* **WHAT IS EXPECTED**
Could you restate, exactly and with nothing added, the lines from the start of the data through the line that holds "After the Korean", leaving the pictures out?

------ SOURCE MATERIAL

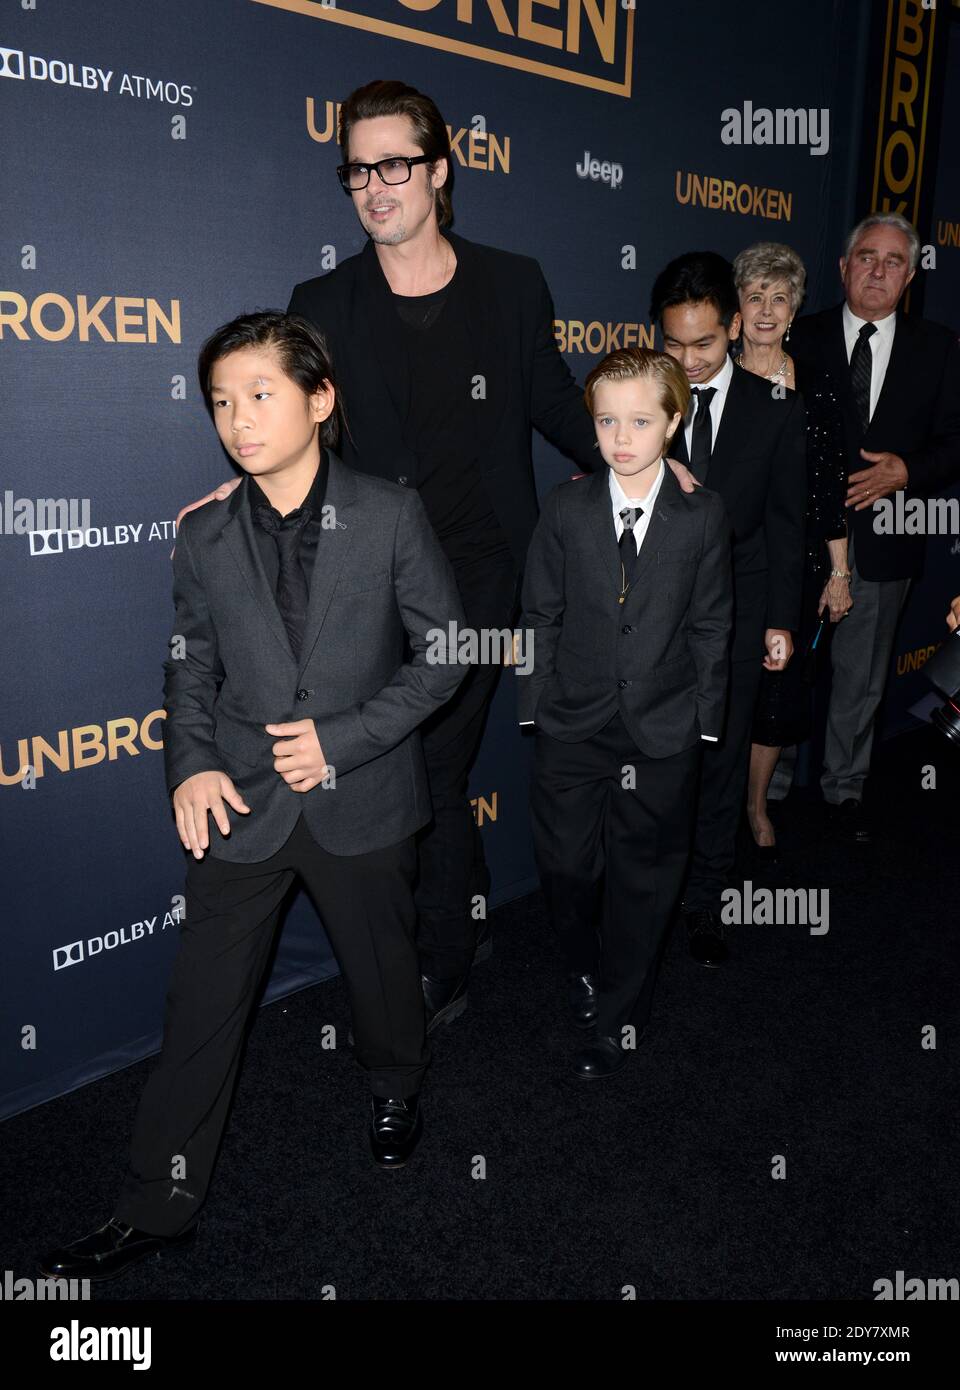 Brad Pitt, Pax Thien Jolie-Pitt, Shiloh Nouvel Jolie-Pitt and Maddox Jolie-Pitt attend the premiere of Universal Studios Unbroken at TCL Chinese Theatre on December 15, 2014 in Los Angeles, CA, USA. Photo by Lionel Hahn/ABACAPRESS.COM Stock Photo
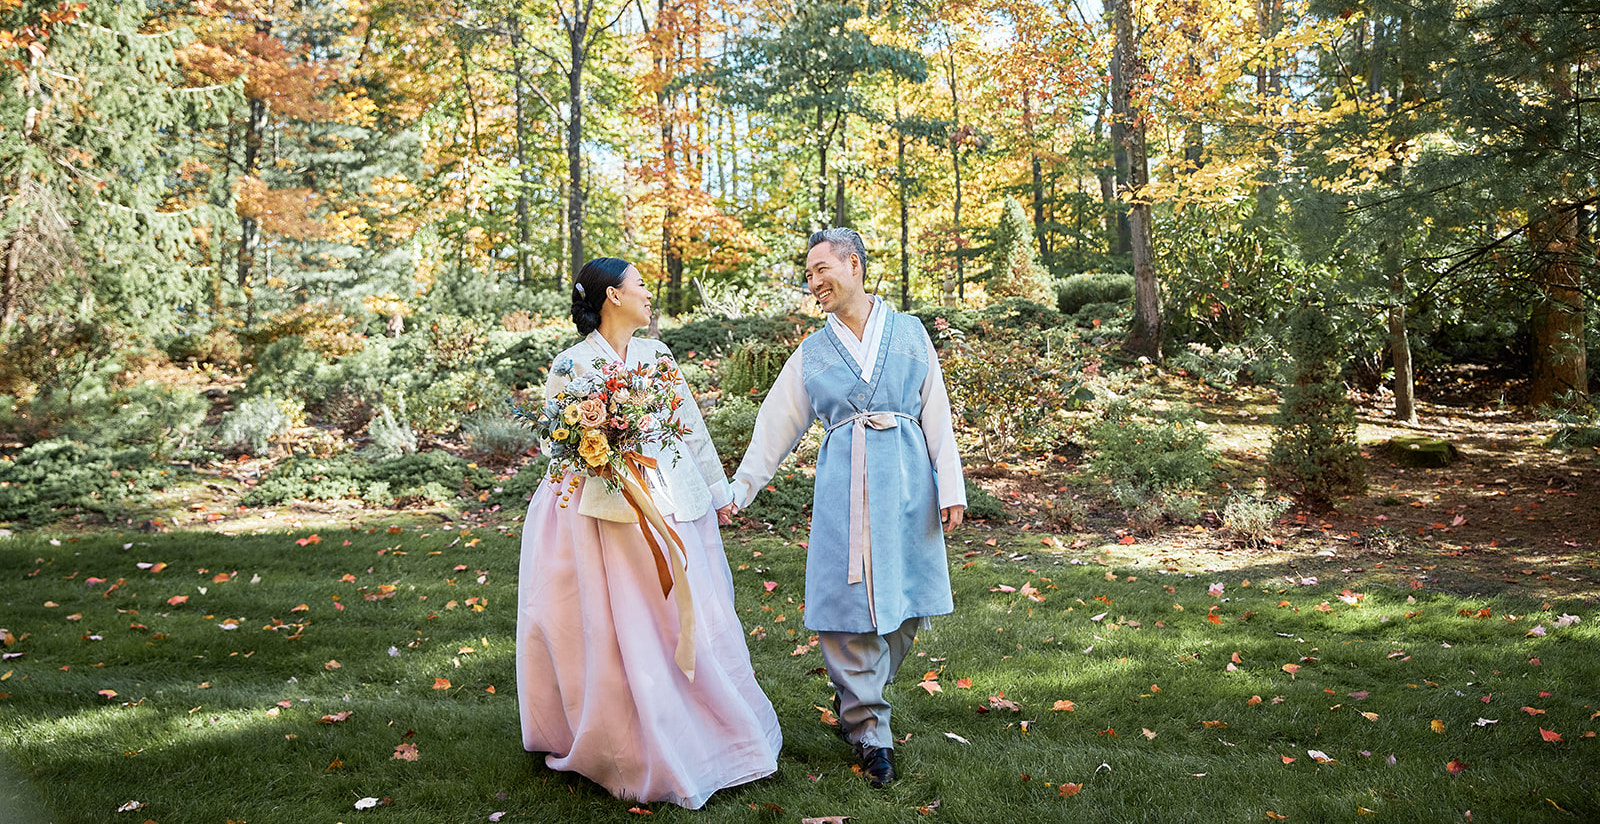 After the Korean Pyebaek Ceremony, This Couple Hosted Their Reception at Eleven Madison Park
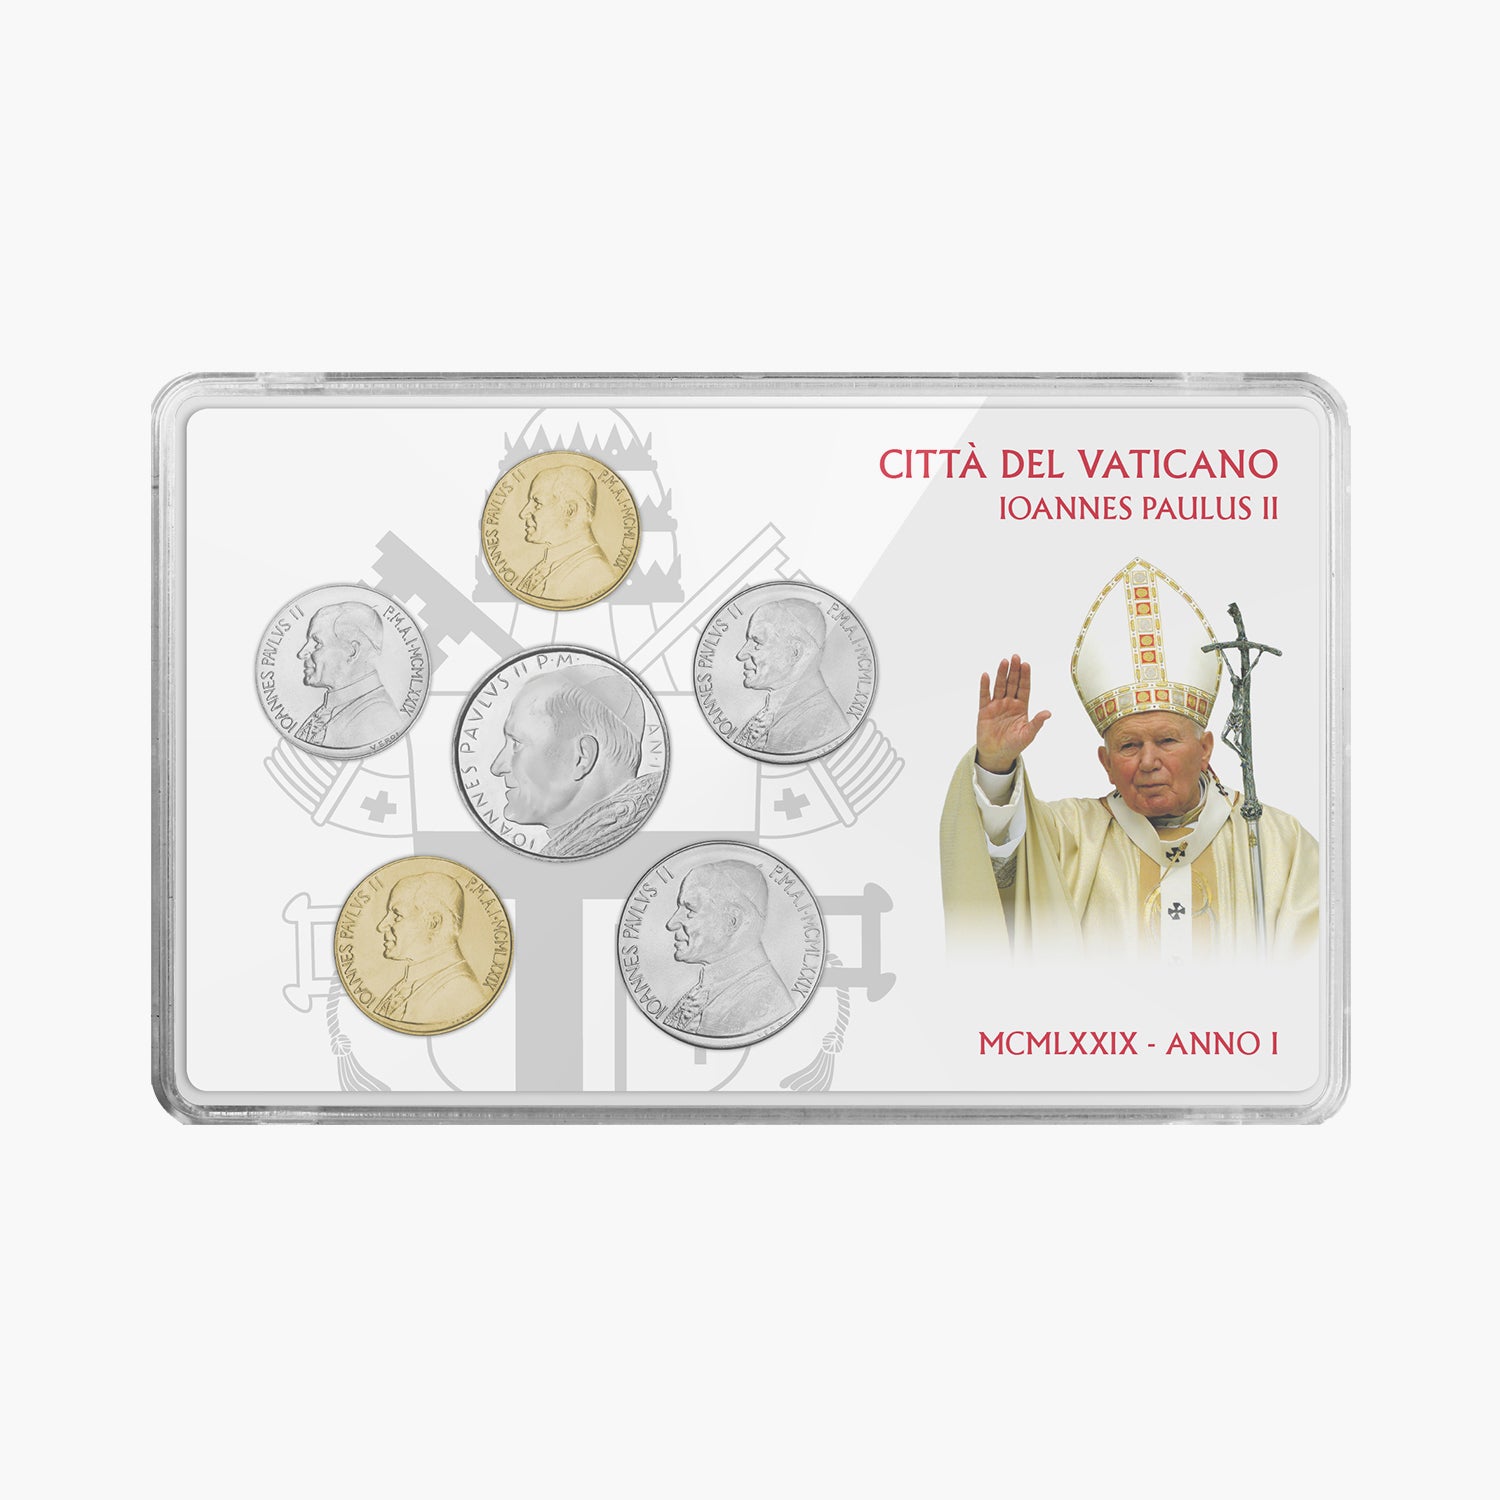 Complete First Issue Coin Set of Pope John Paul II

------------

* **EXPECTED ANSWER**
 Brad Pitt, Pax Thien Jolie-Pitt, Shiloh Nouvel Jolie-Pitt and Maddox Jolie-Pitt attend the premiere of Universal Studios Unbroken at TCL Chinese Theatre on December 15, 2014 in Los Angeles, CA, USA. Photo by Lionel Hahn/ABACAPRESS.COM Stock Photo
 After the Korean Pyebaek Ceremony, This Couple Hosted Their Reception at Eleven Madison Park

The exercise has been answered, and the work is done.